GIVEN MATERIAL.
----------------------------------------

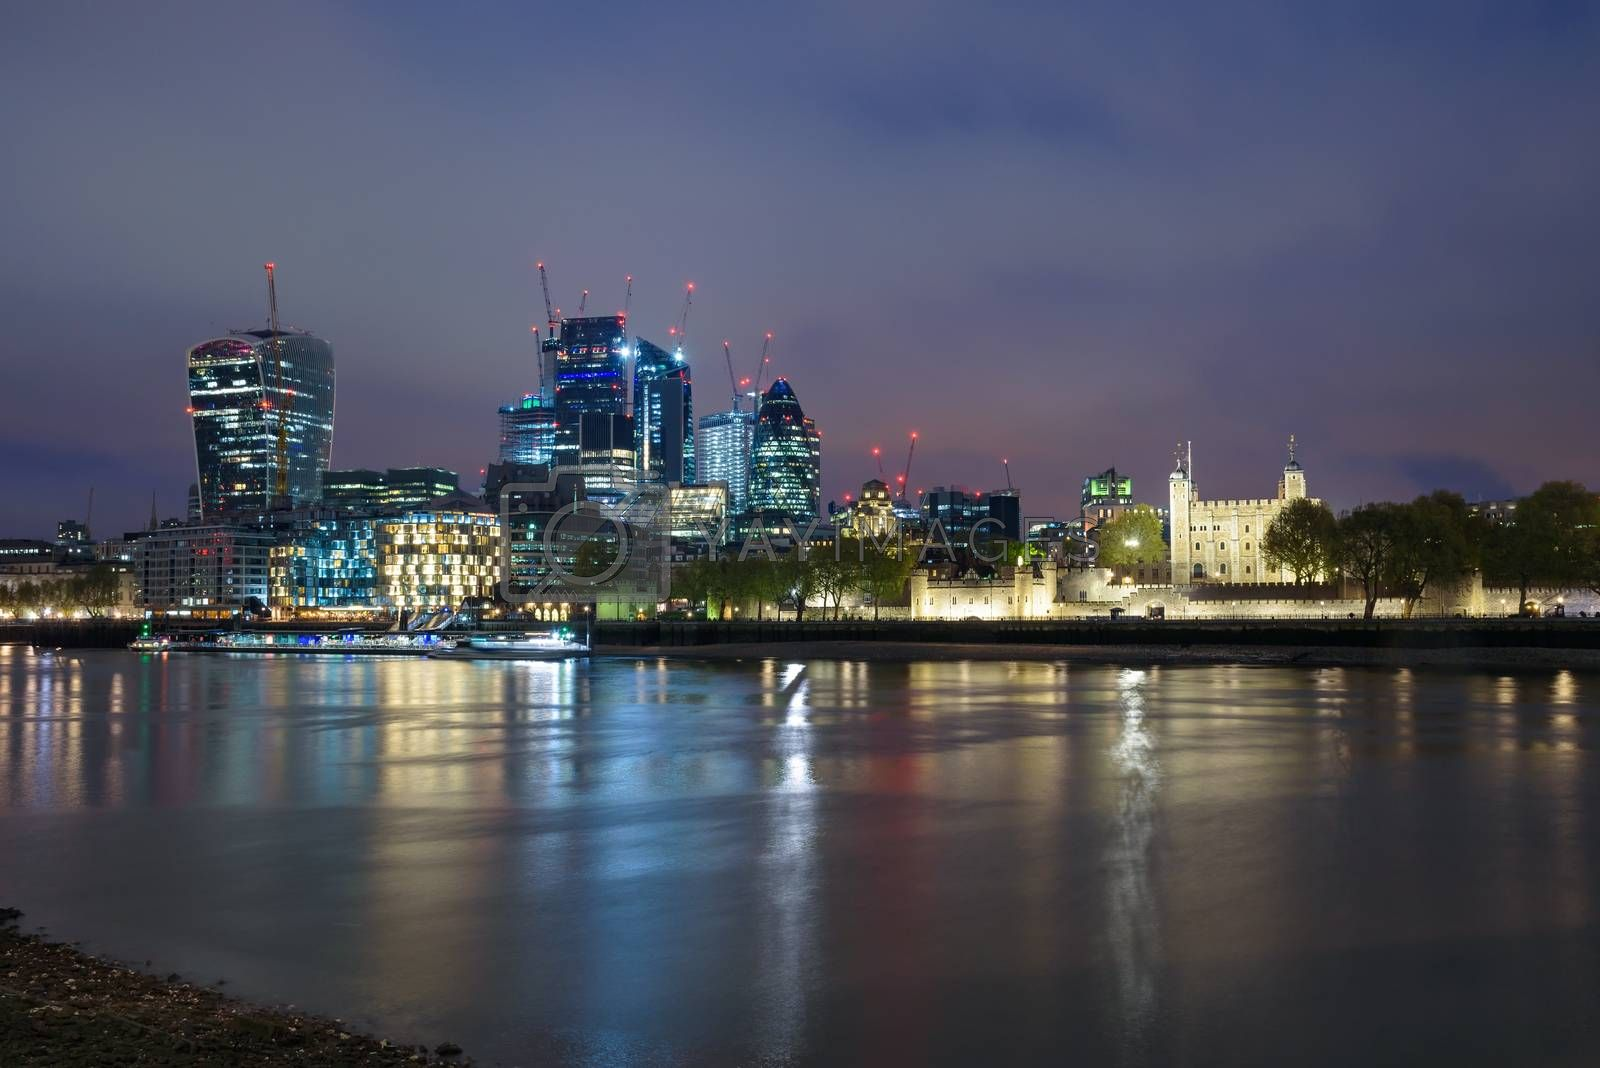 Colorful London skyline at cloudy night, United Kingdom
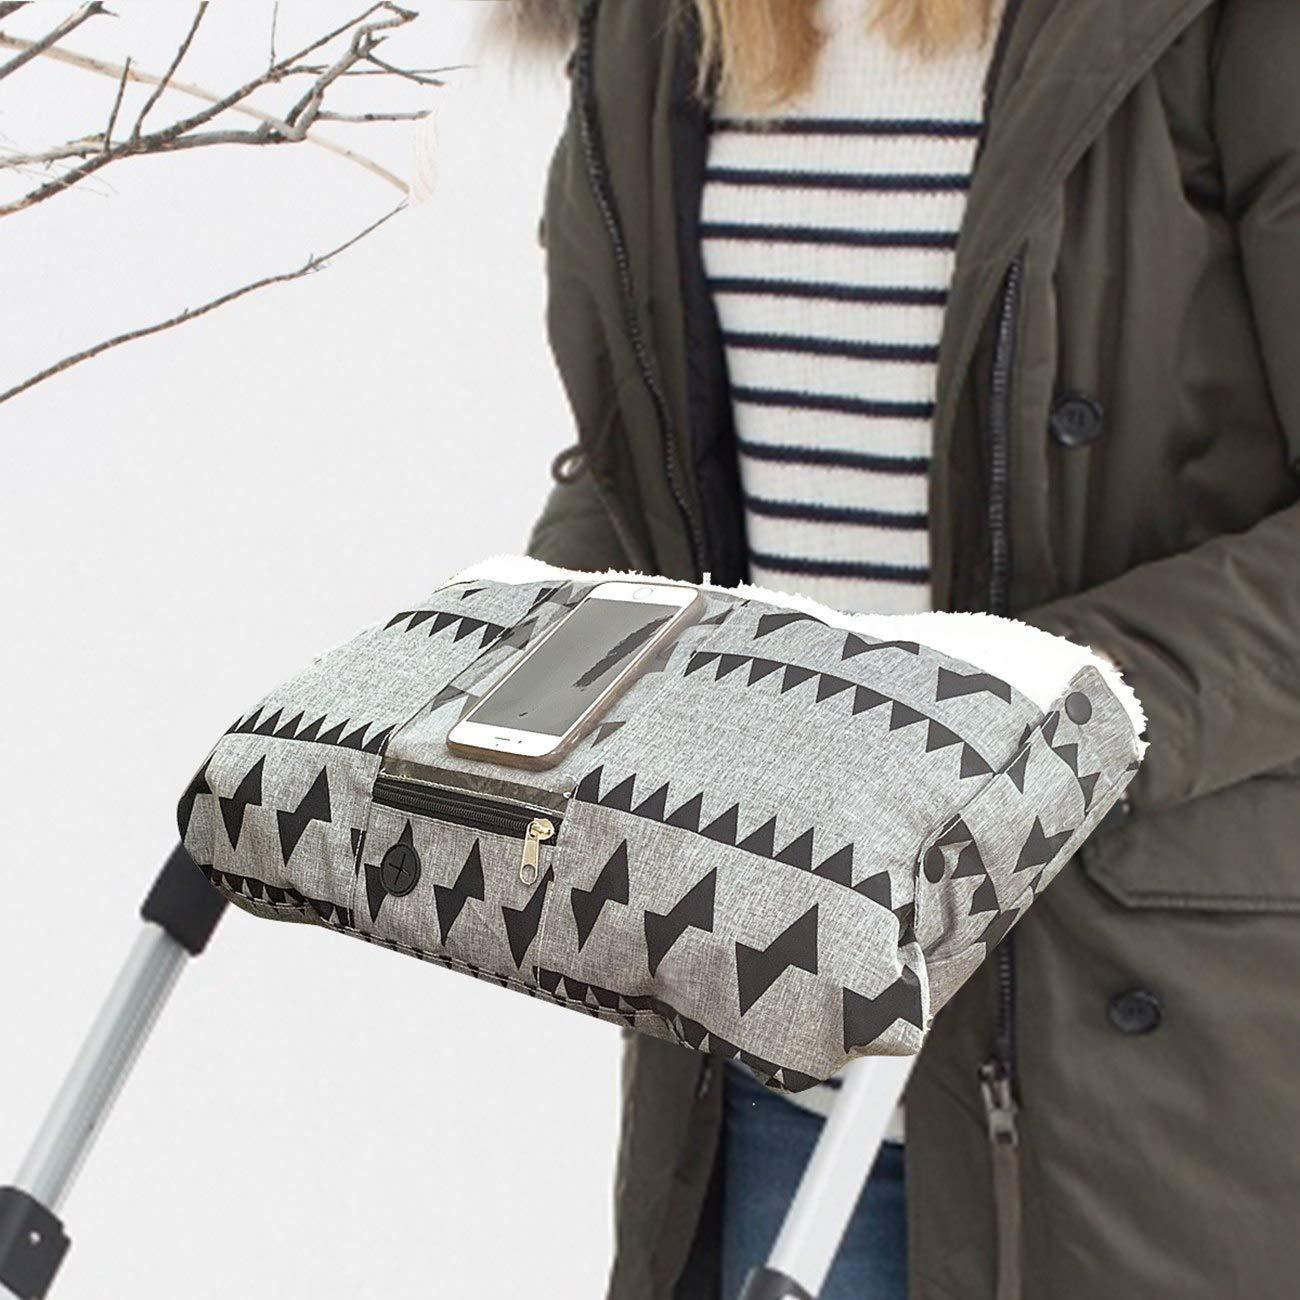 VDROL Stroller Hand Warmer, Stroller Hand Muff Stroller Fleece Hand Gloves Anti-freeze Baby Stroller Accessories,Warmer for Most Baby Infant Toddler Single Handle Pushchair Pram Stroller
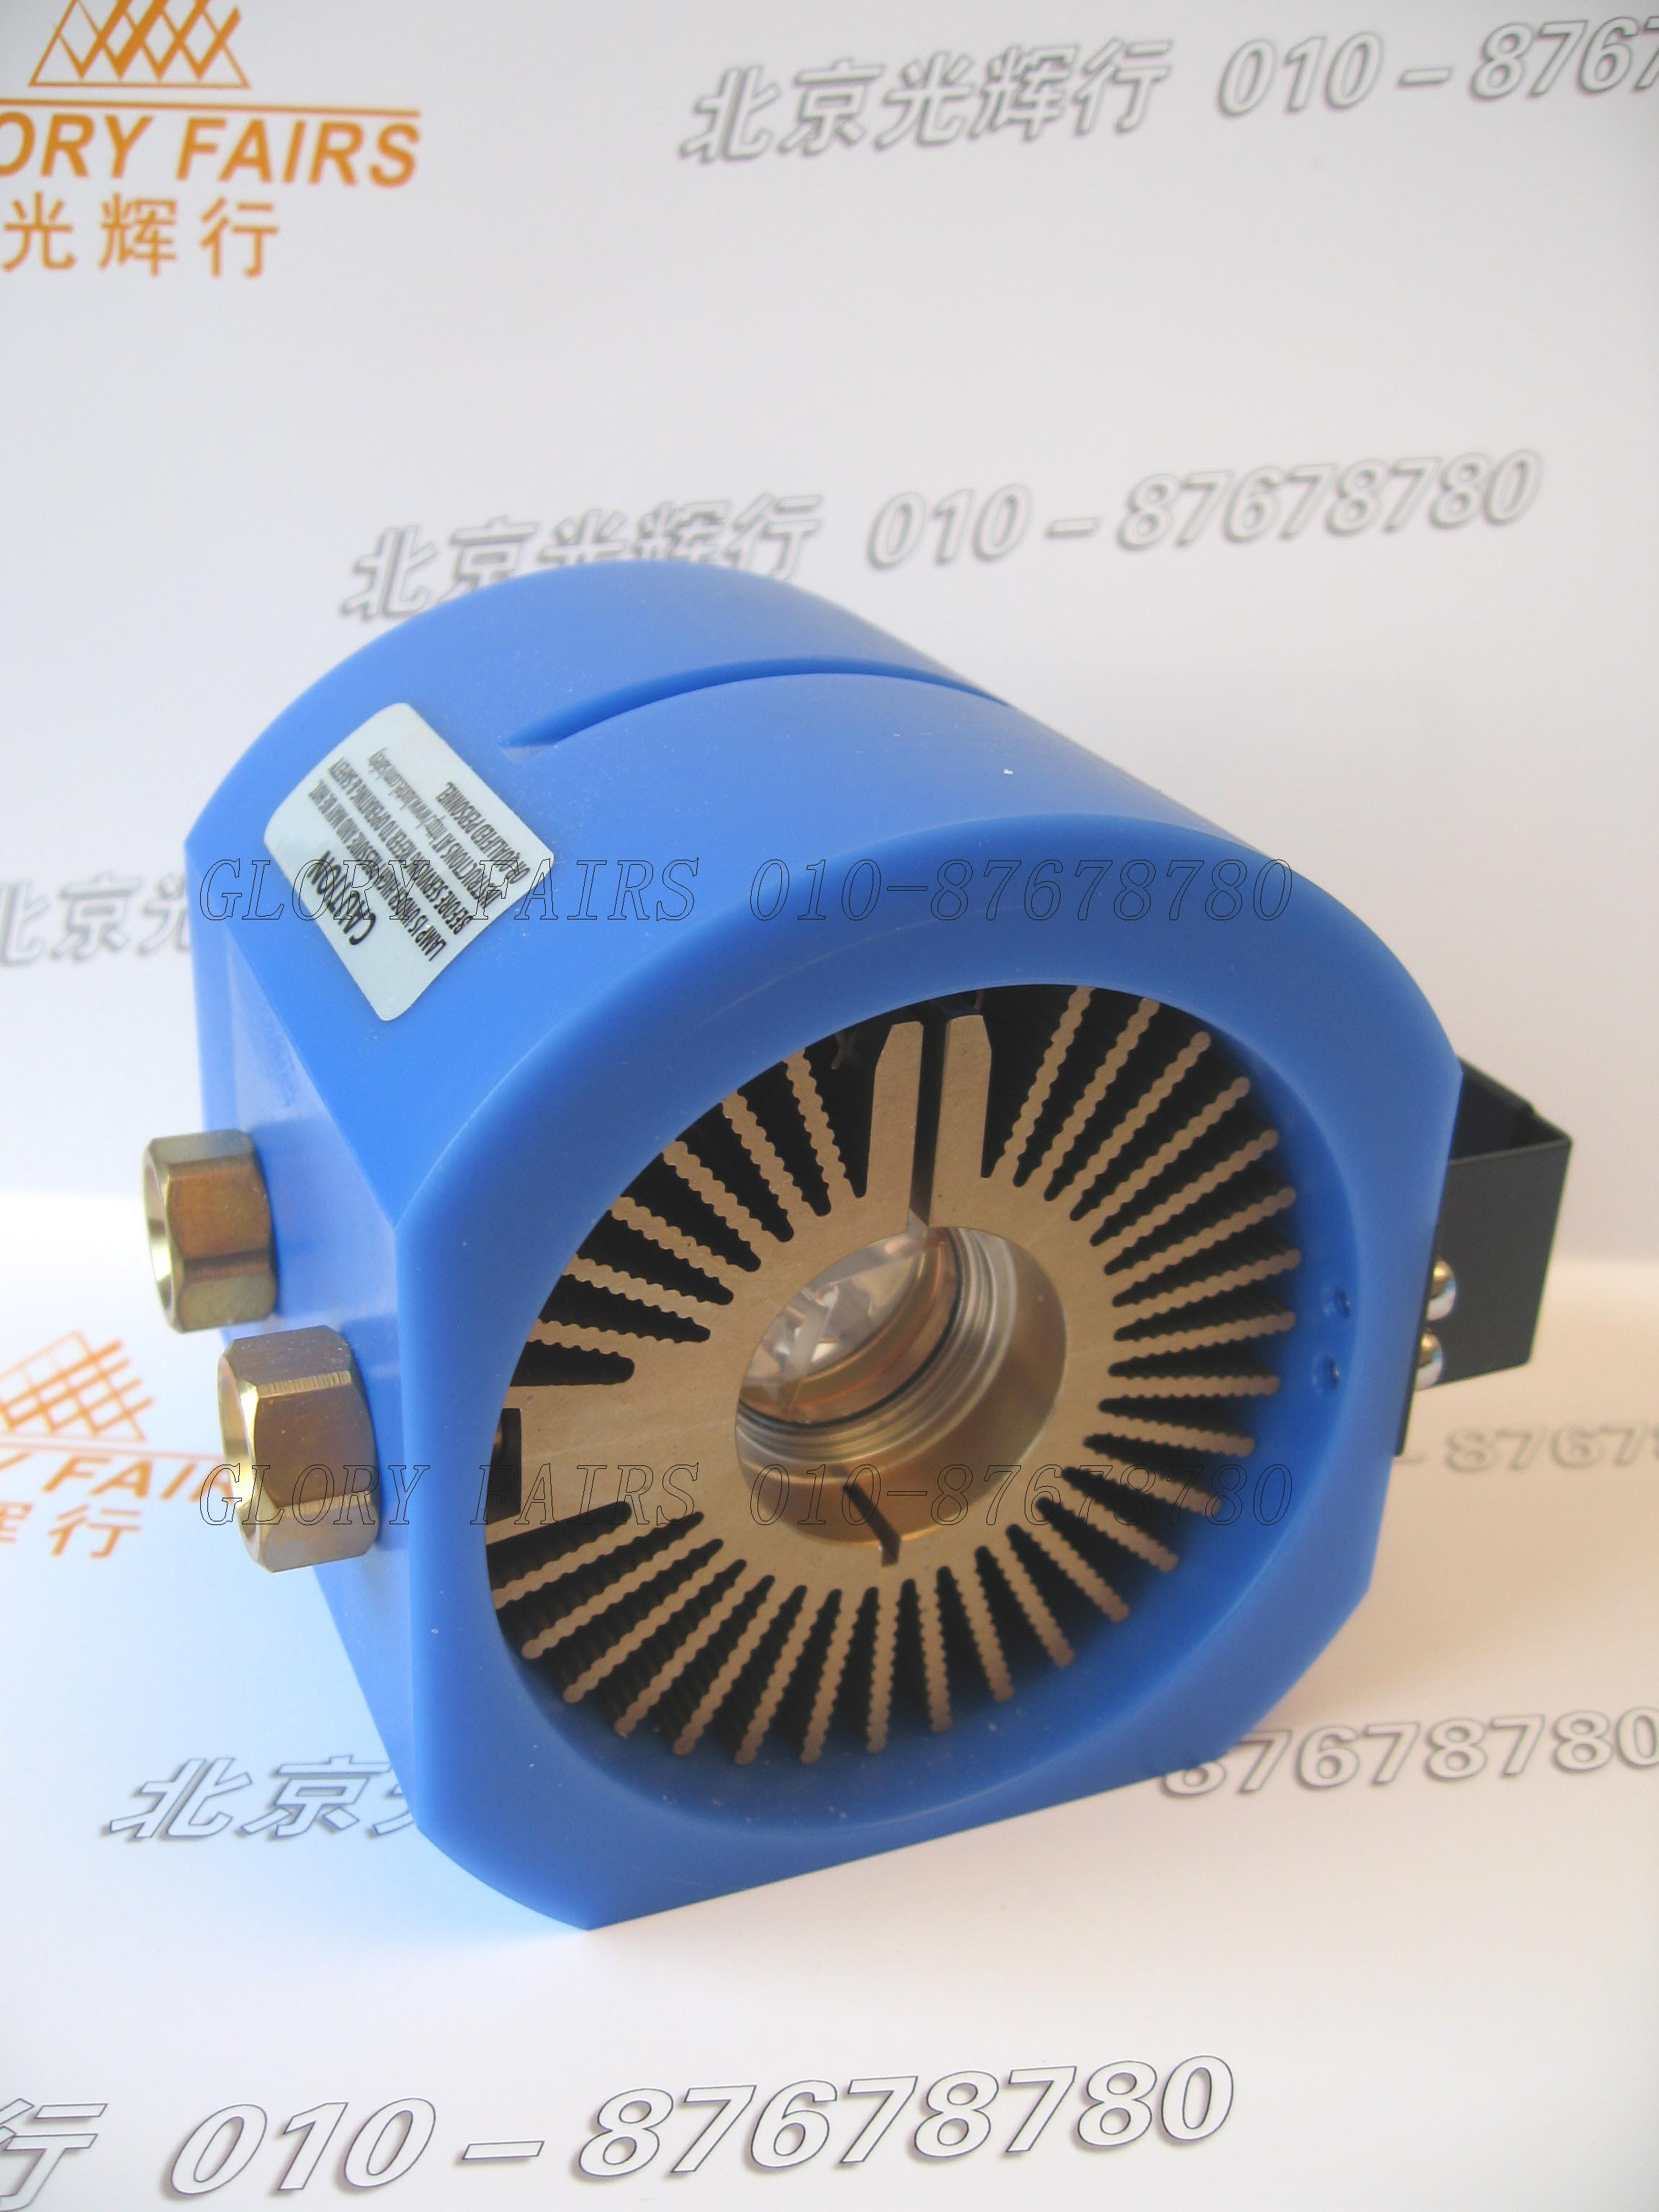 US $1100 0 |300W replacement xenon lamp module,Alternative Stryker X6000  endoscope light source,220 185 300 bulb unit heat sinker housing-in Xenon
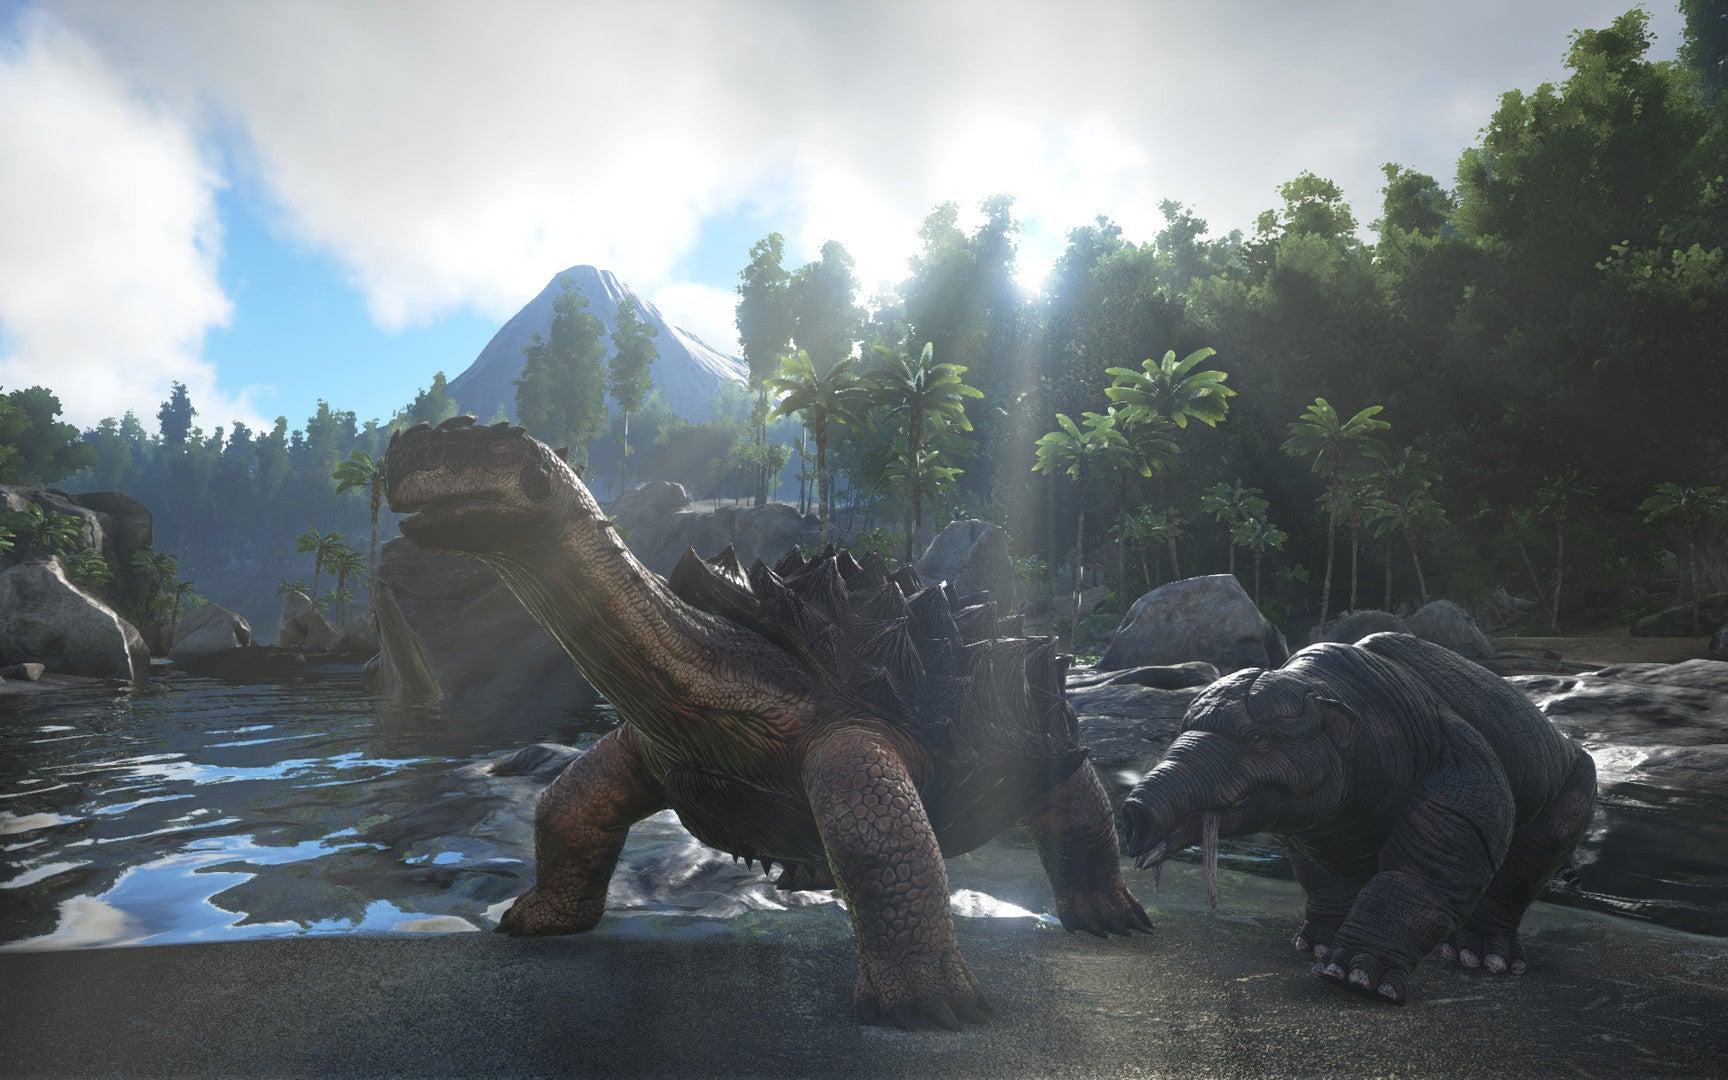 Game Studios Enter Legal Battle Over The Making Of Ark: Survival Evolved

----------------------------------------

Could you reproduce all of the data above exactly and skip any image?

 Colorful London skyline at cloudy night, United Kingdom
 VDROL Stroller Hand Warmer, Stroller Hand Muff Stroller Fleece Hand Gloves Anti-freeze Baby Stroller Accessories,Warmer for Most Baby Infant Toddler Single Handle Pushchair Pram Stroller
 US $1100 0 |300W replacement xenon lamp module,Alternative Stryker X6000  endoscope light source,220 185 300 bulb unit heat sinker housing-in Xenon
 Game Studios Enter Legal Battle Over The Making Of Ark: Survival Evolved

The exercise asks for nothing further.